Mechanism for chloroplast protein translocation and quality control

In a recent study published online in The Plant Cell, Prof. Yang Wenqiang's research team from the Institute of Botany of the Chinese Academy of Sciences (IBCAS) has reported the critical role of the largest protein Orf2971 encoded by the Chlamydomonas reinhardtii plastid genome in protein translocation and quality control.

Chloroplasts are semi-autonomous plant and algal organelles that evolved from photosynthetic cyanobacteria. Most chloroplast genes were shifted to nucleus genomes, and the nucleus-encoded plastid proteins must be translocated into the chloroplast to preserve chloroplast activities. Approximately 3,000 plastid proteins encoded in the nucleus are translocated into the chloroplast envelope via the translocon at the outer chloroplast (TOC) and translocon at the inner chloroplast (TIC) machineries.

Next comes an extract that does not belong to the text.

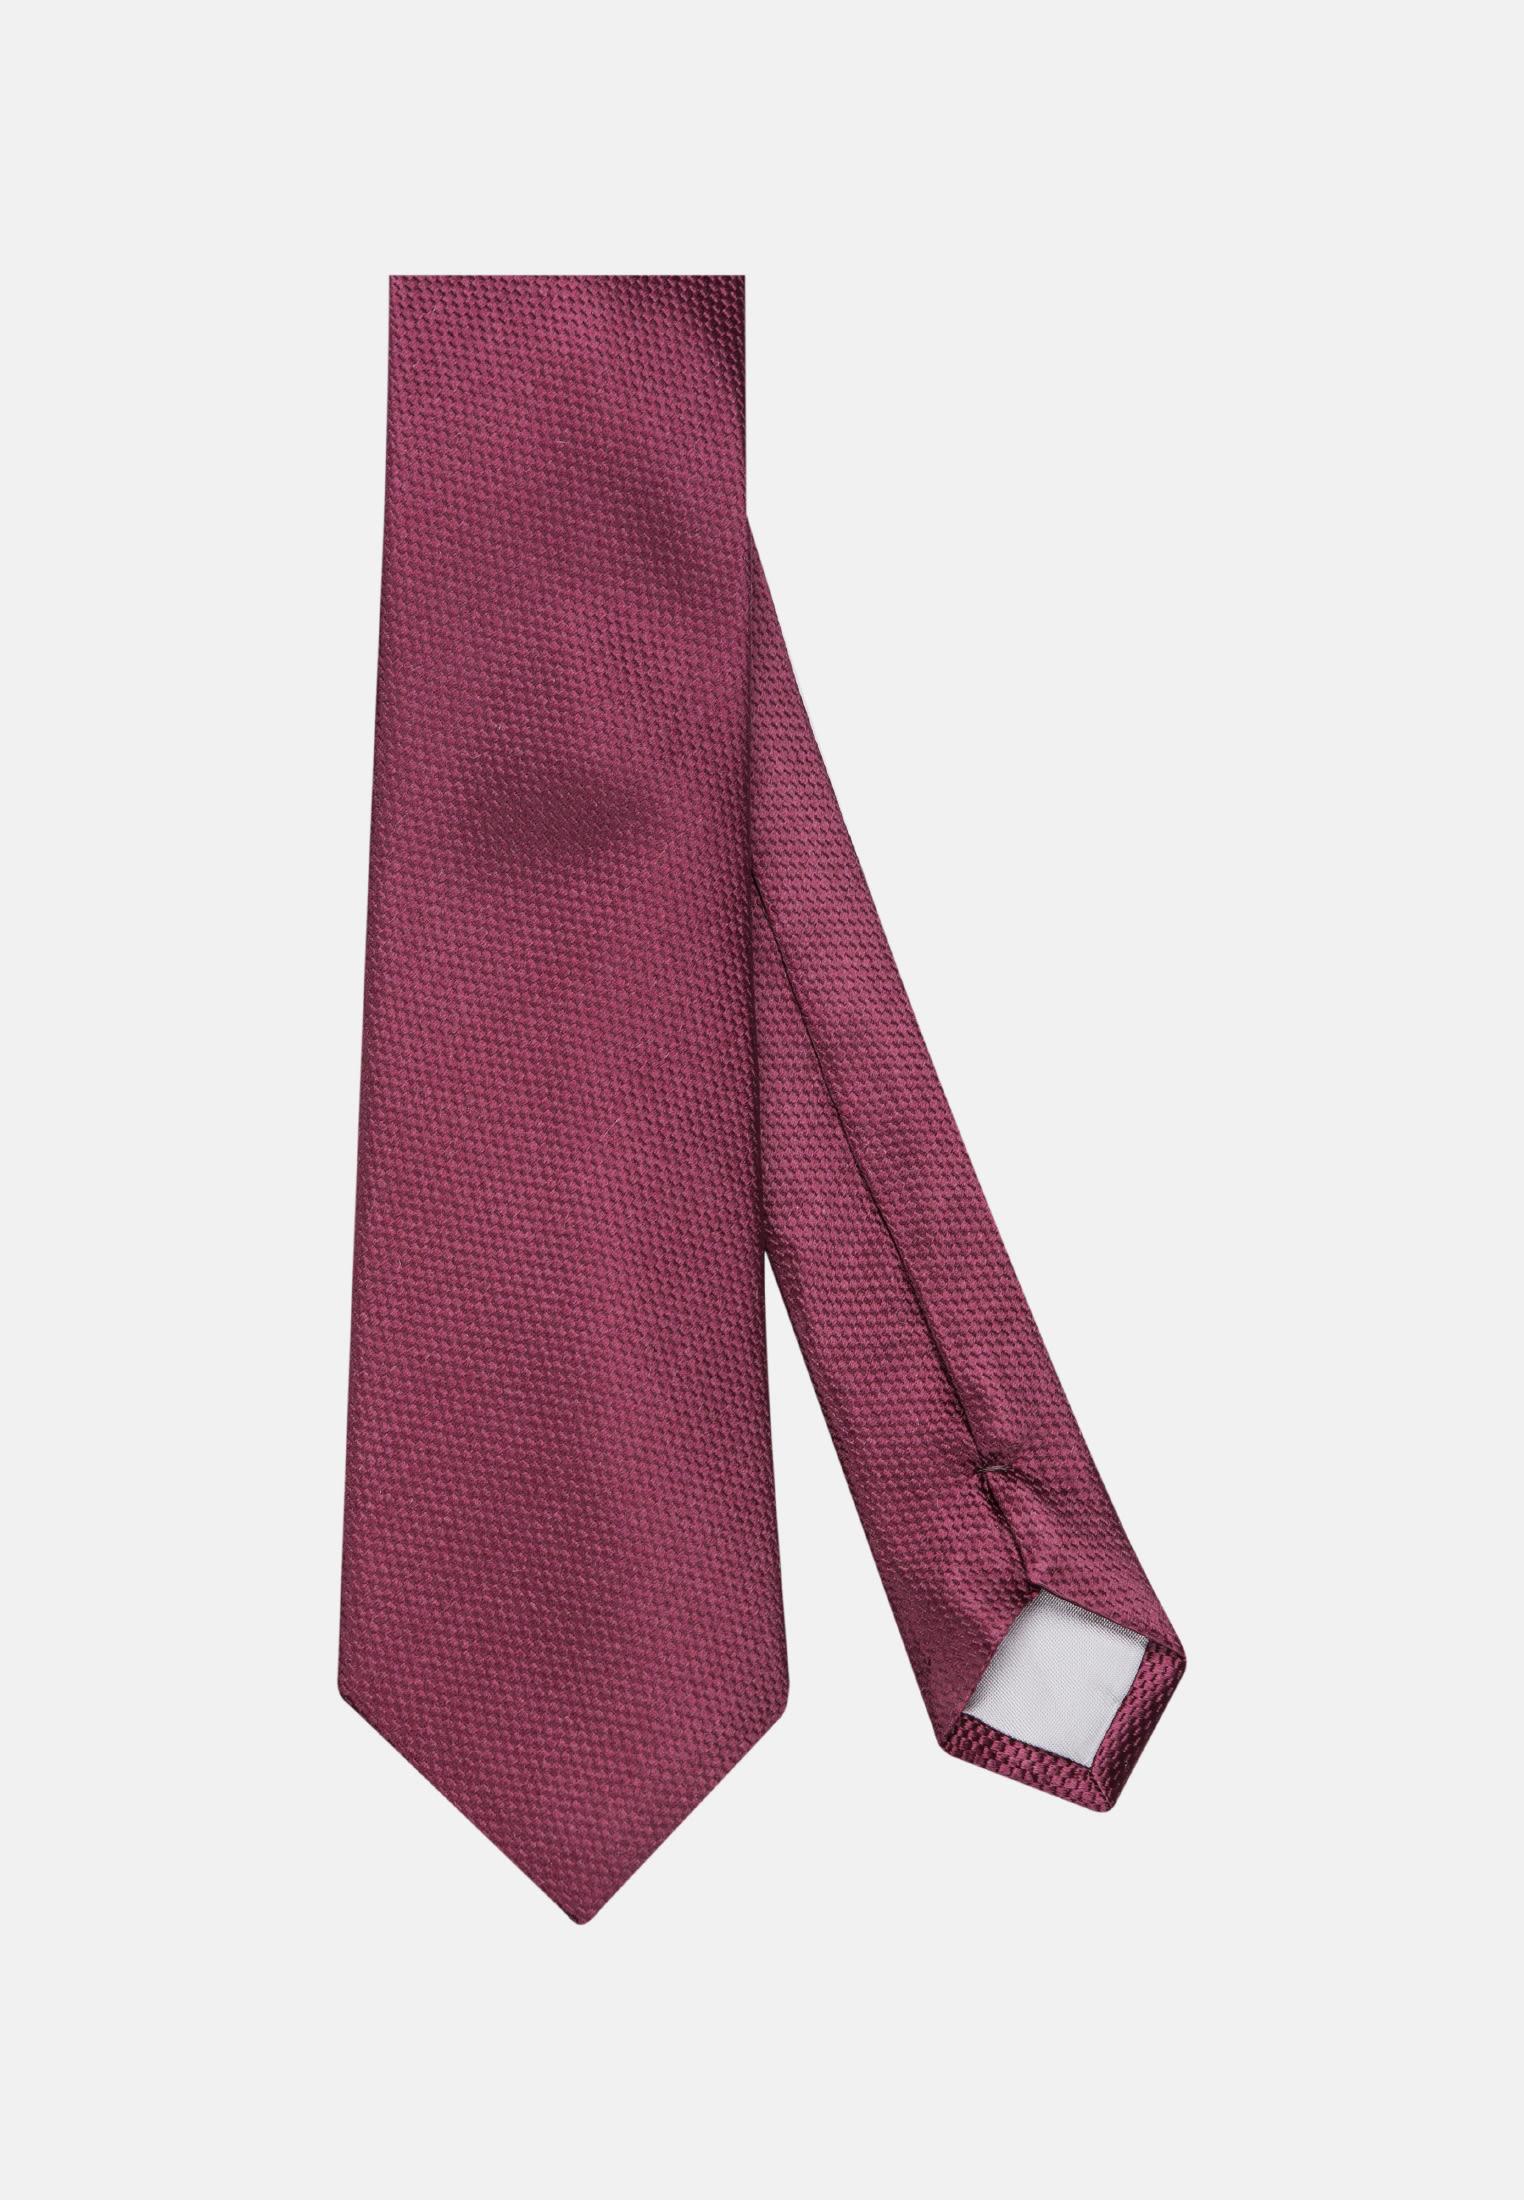 Krawatte aus 100% Seide 7 cm Breit in Rot    Jacques Britt Onlineshop

Despite the fact that the main components of the present TOC-TIC system have been identified, there is no universal agreement on the makeup of the chloroplast protein import machinery, specifically the TIC complex and its associated motor.

Yang's team discovered that Orf2971 interacts with TIC214, TIC20 and chaperones in the chloroplast, and that the nucleus-encoded precursor proteins accumulate following Orf2971 repression. The discovery of protein aggregation is most likely due to a mistargeting of the appropriate chaperones involved in folding.

The researcher also demonstrated that Orf2971 is involved in both chloroplast protein translocation and protein quality regulation.

Furthermore, they observed that when the protein transport system shutdown, photosynthetic activity declines substantially and a large amount of reactive oxygen species are accumulated, resulting in cell death. These results suggest that the protein import system is essential in delivering the necessary proteins for photosynthesis.

Meanwhile, the researchers revealed that the structure of pyrenoid, which is required for carbon dioxide (CO₂) concentration, was also disrupted after Orf2971 depletion.

These findings suggest that increasing the import efficiency of chloroplast proteins may benefit in the preservation of pyrenoids' structure and photosynthesis activity, hence increasing CO₂ concentration and light harvesting ability.

These results suggest that increased protein input efficiency of chloroplasts may be beneficial to the preservation of protein nucleus structure and photosynthetic activity, thereby increasing CO₂ concentration and photo collection capacity.

"This study is of great significance for in-depth understanding of the mechanism of chloroplast protein transport and quality control on chloroplast development," said Prof. Yang Wenqiang.